[TASK ITEM]: A word-for-word copy of the listing is what's needed; leave out every image.

══ INFORMATION SUPPLIED

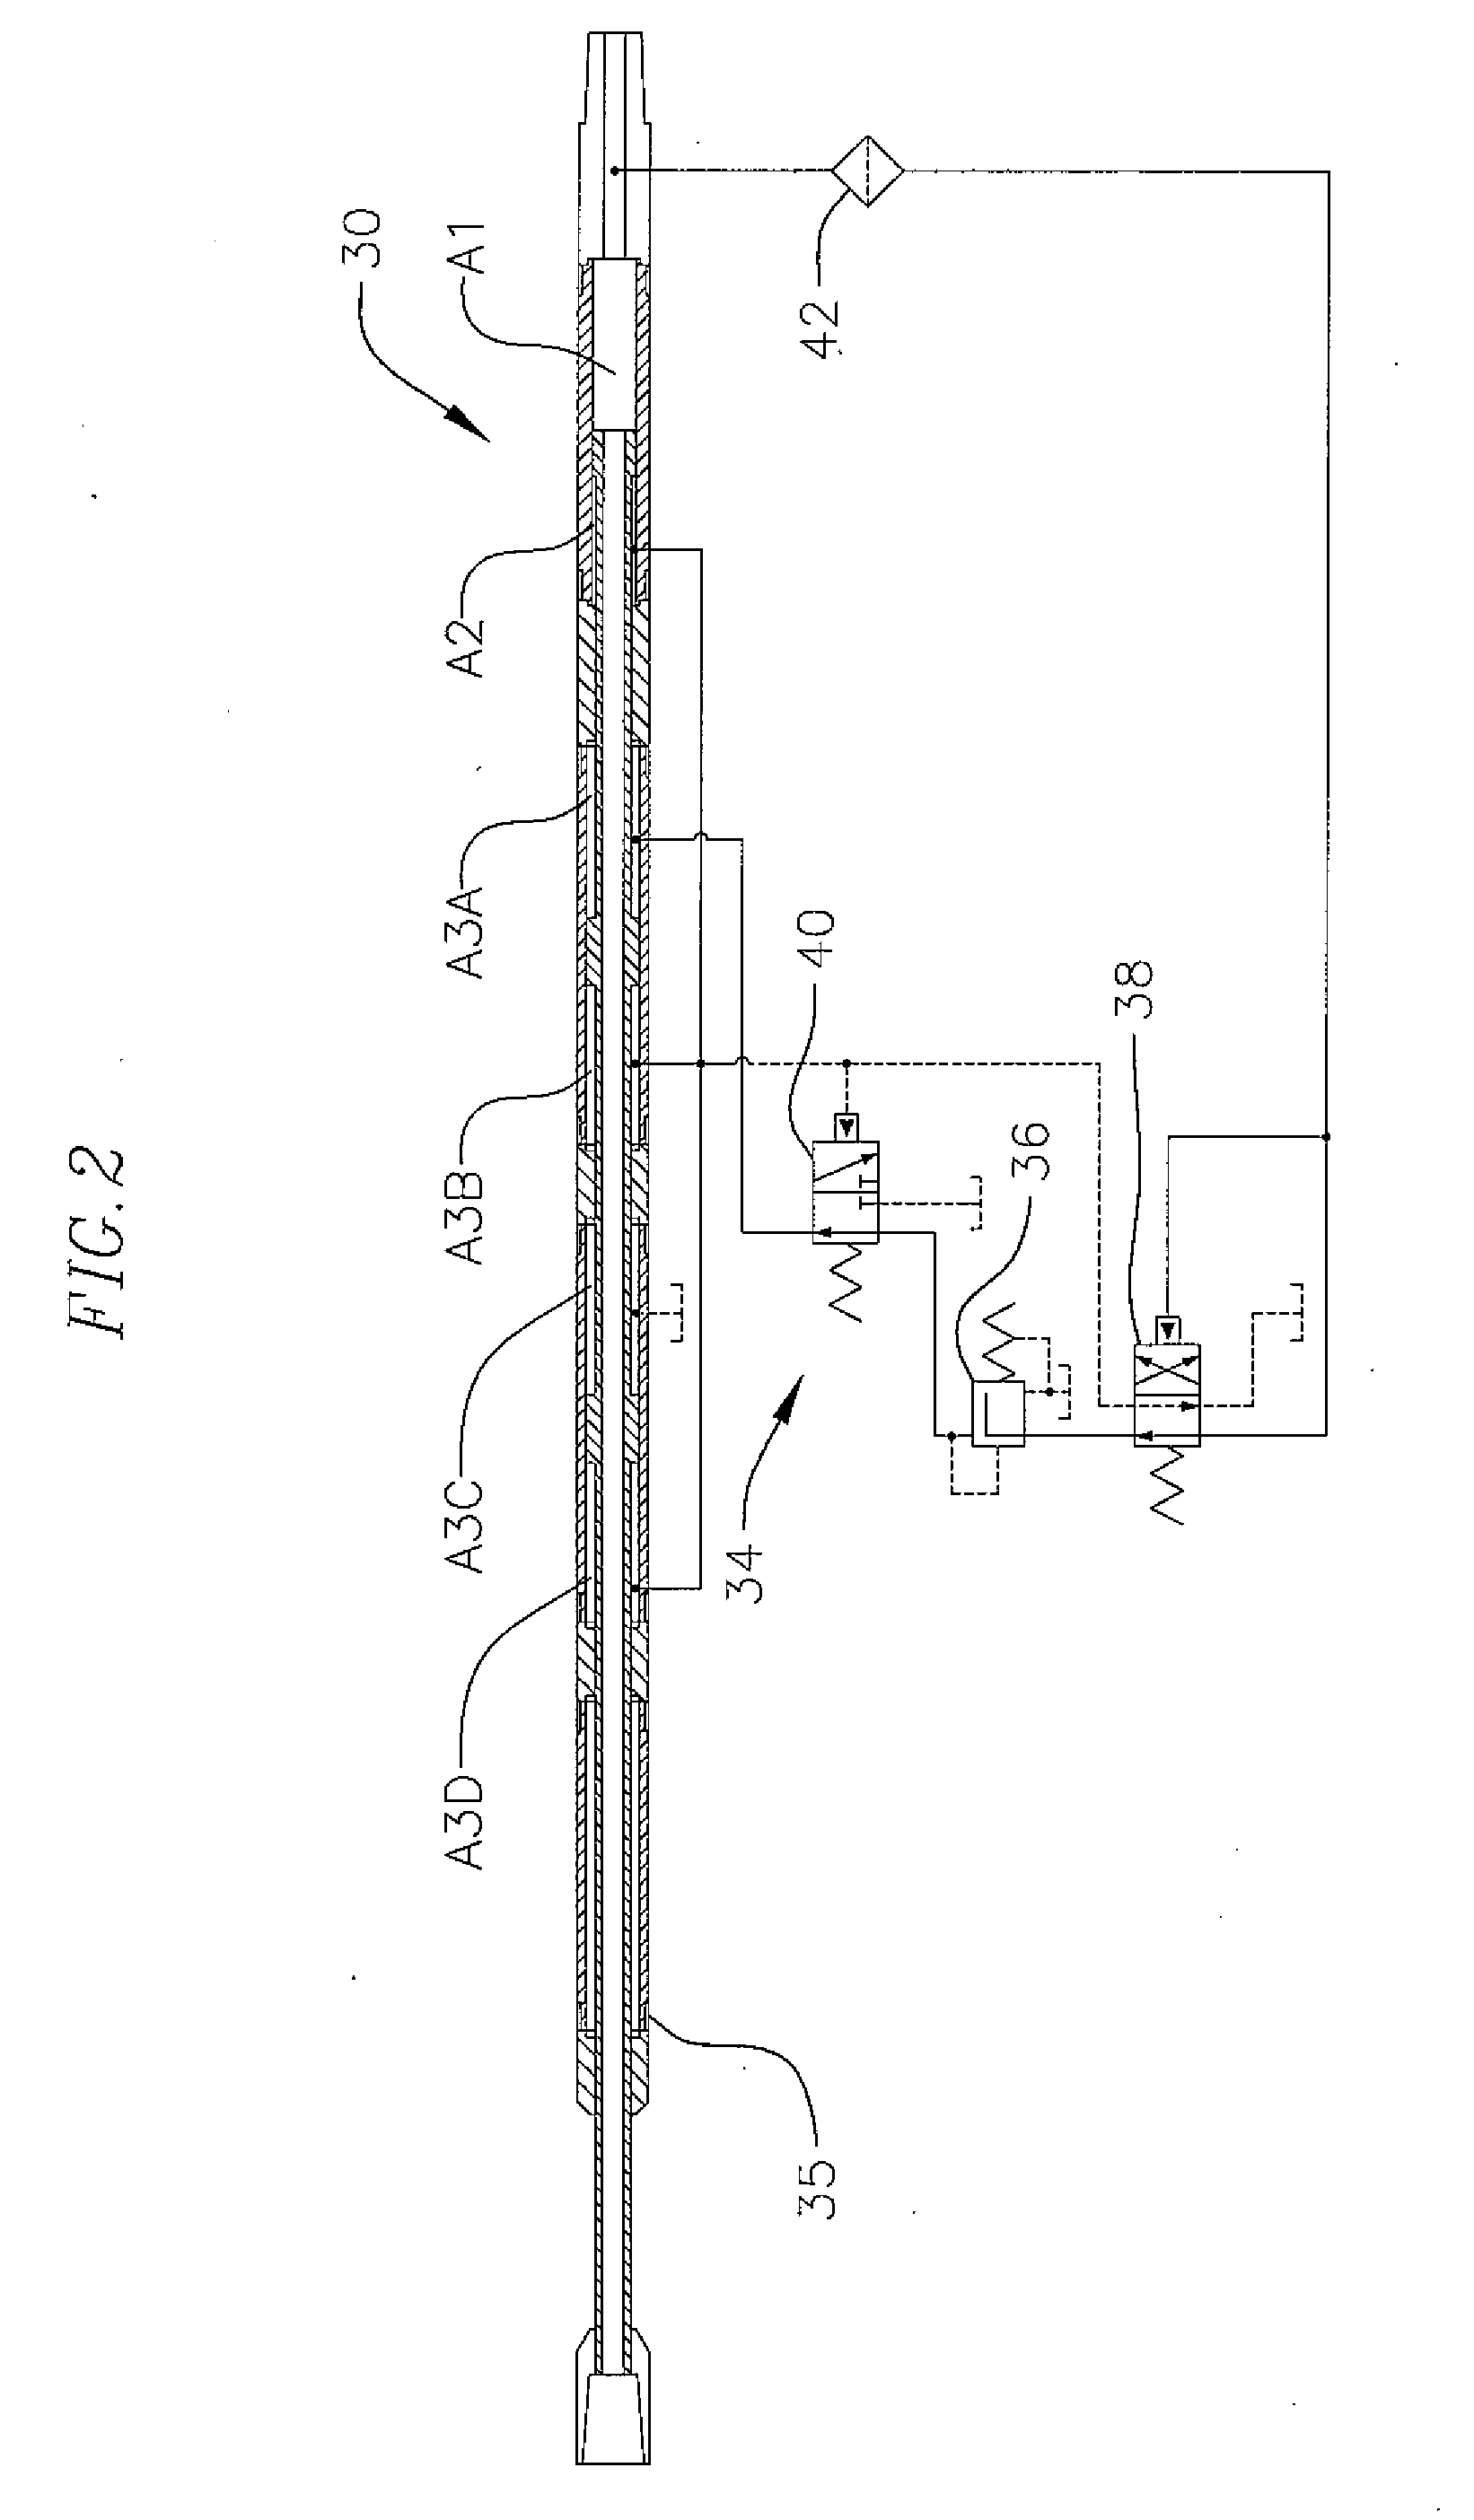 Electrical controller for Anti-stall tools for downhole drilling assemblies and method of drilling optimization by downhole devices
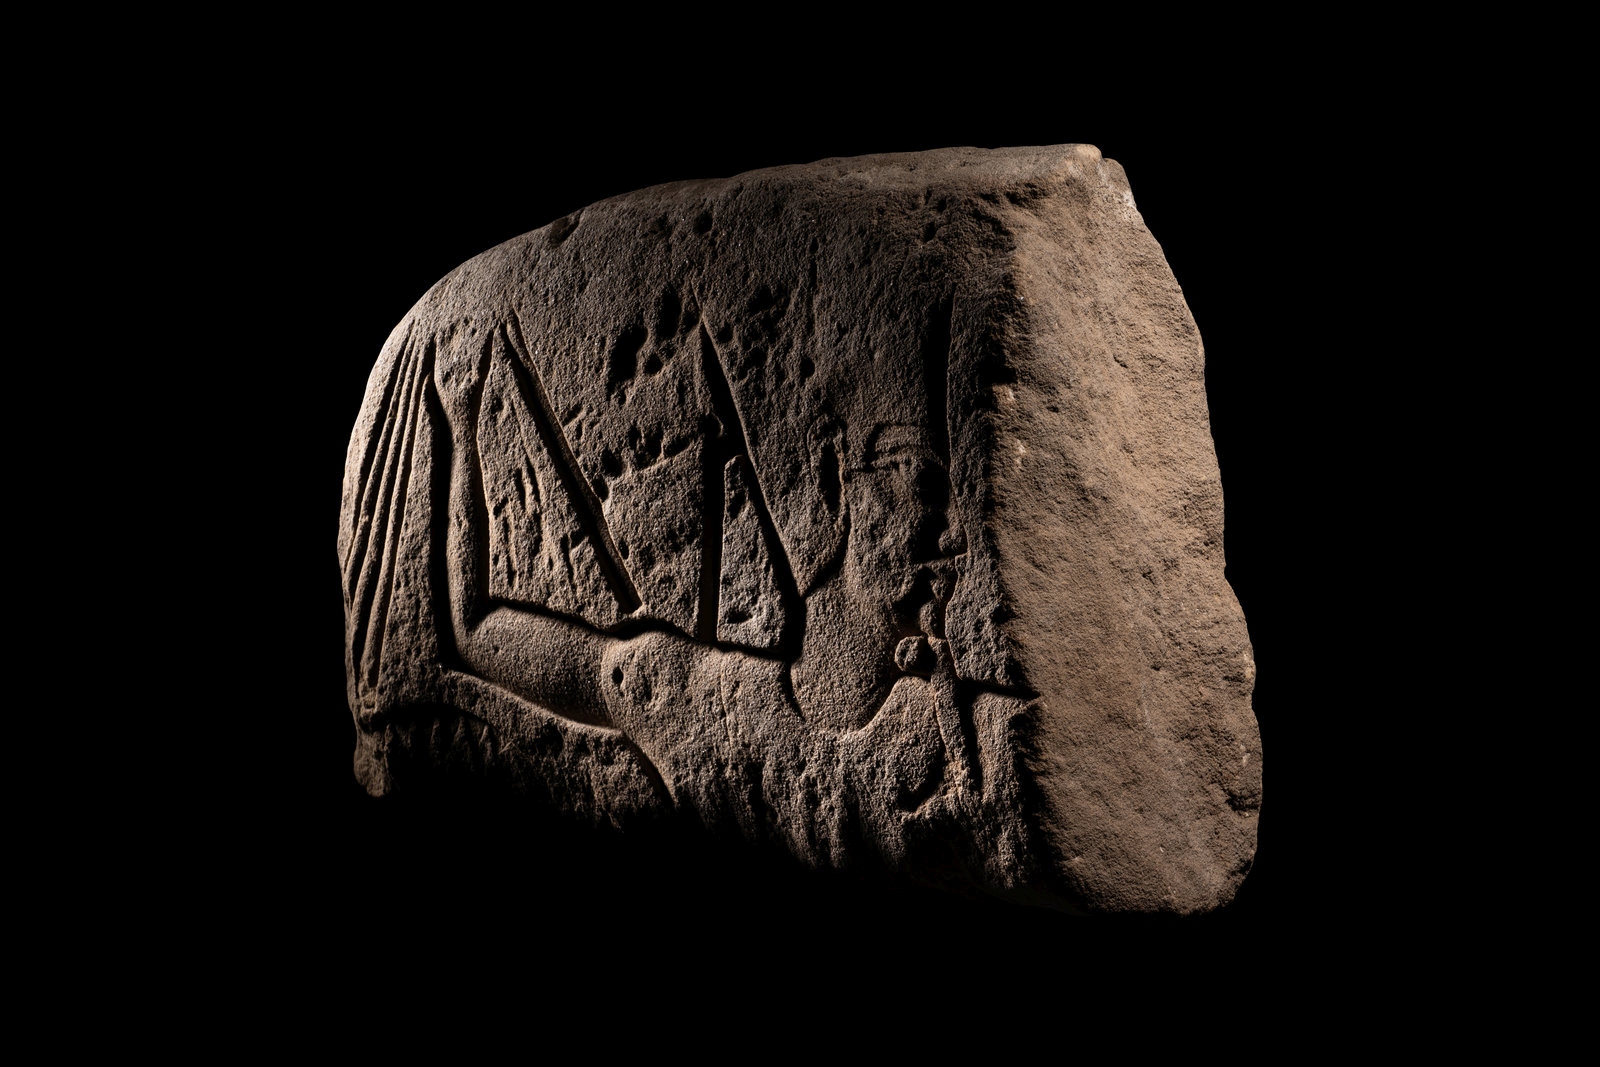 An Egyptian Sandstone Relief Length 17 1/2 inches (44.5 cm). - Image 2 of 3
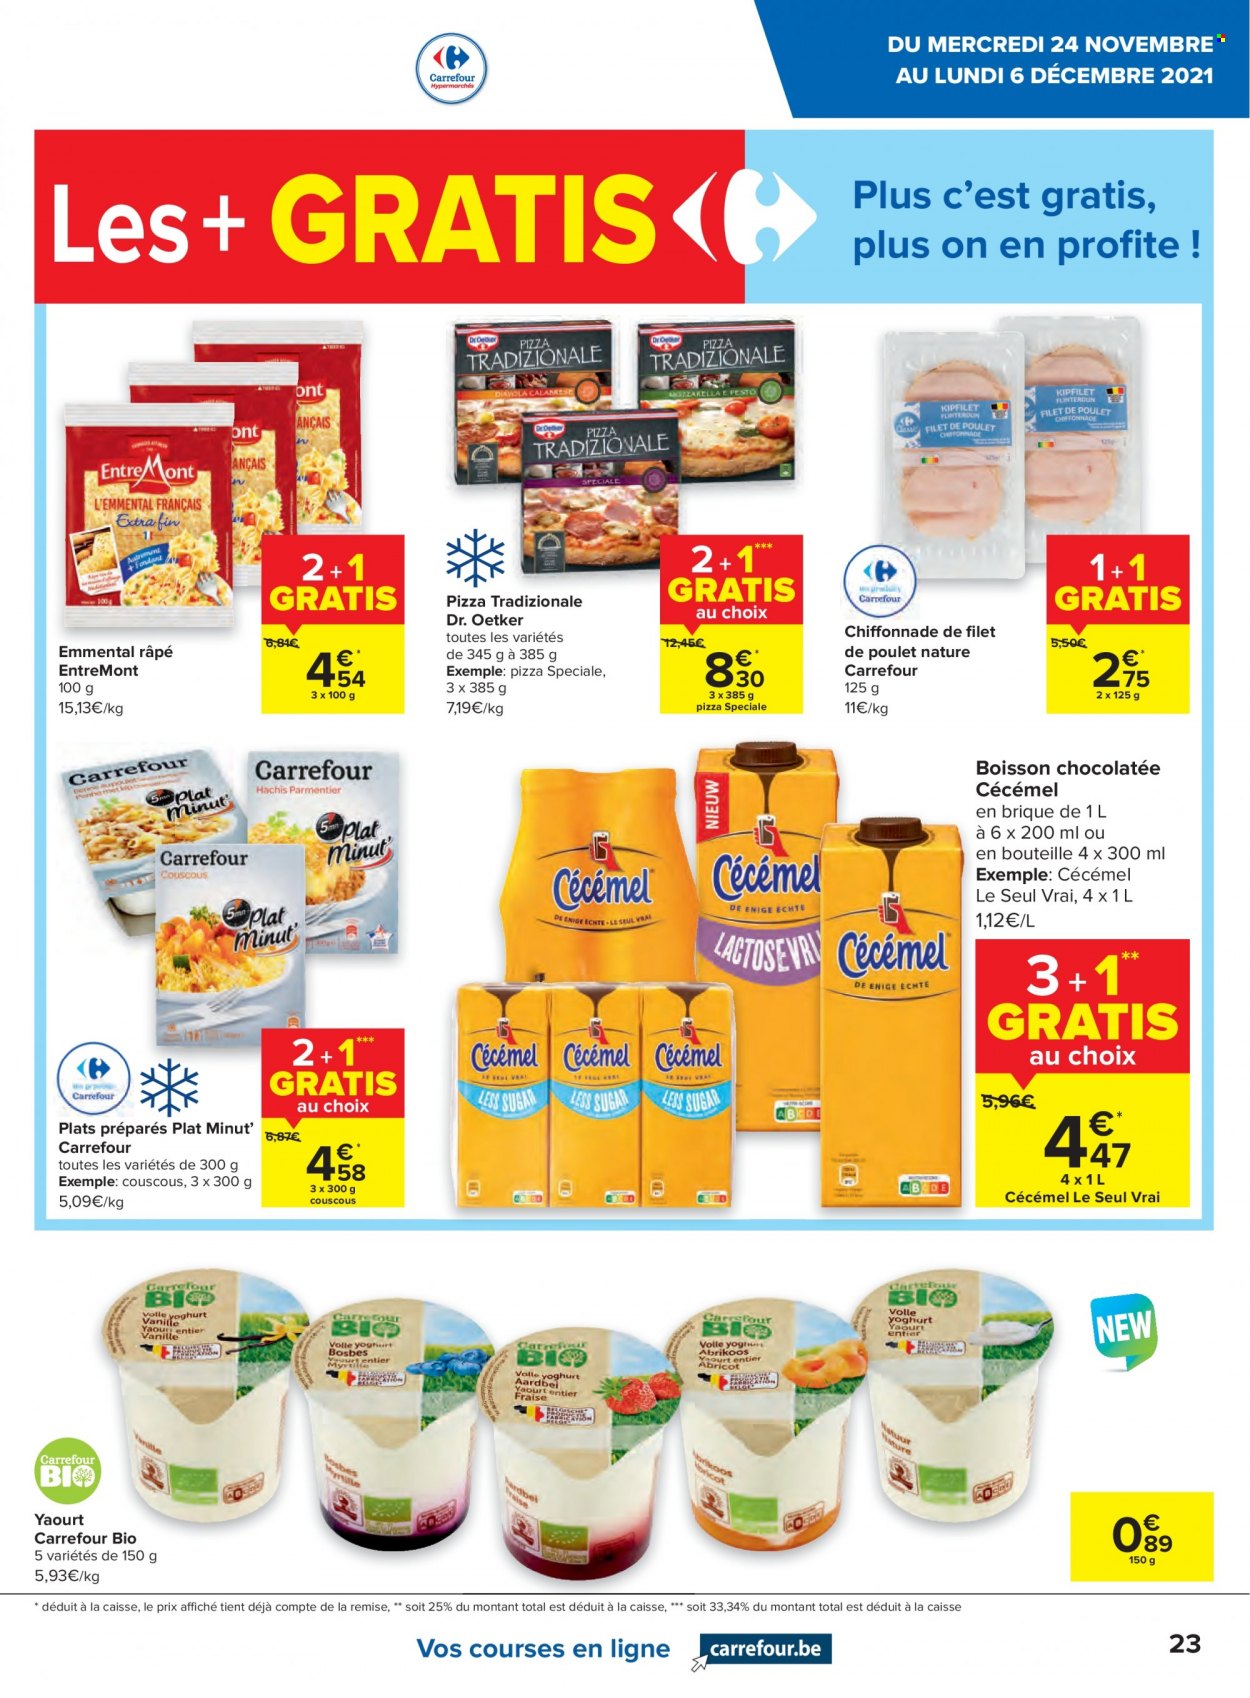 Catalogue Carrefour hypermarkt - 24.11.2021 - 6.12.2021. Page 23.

════

[ANSWER TO THE EXERCISE]:
 Electrical controller for Anti-stall tools for downhole drilling assemblies and method of drilling optimization by downhole devices
 An Egyptian Sandstone Relief Length 17 1/2 inches (44.5 cm). - Image 2 of 3
 Catalogue Carrefour hypermarkt - 24.11.2021 - 6.12.2021. Page 23.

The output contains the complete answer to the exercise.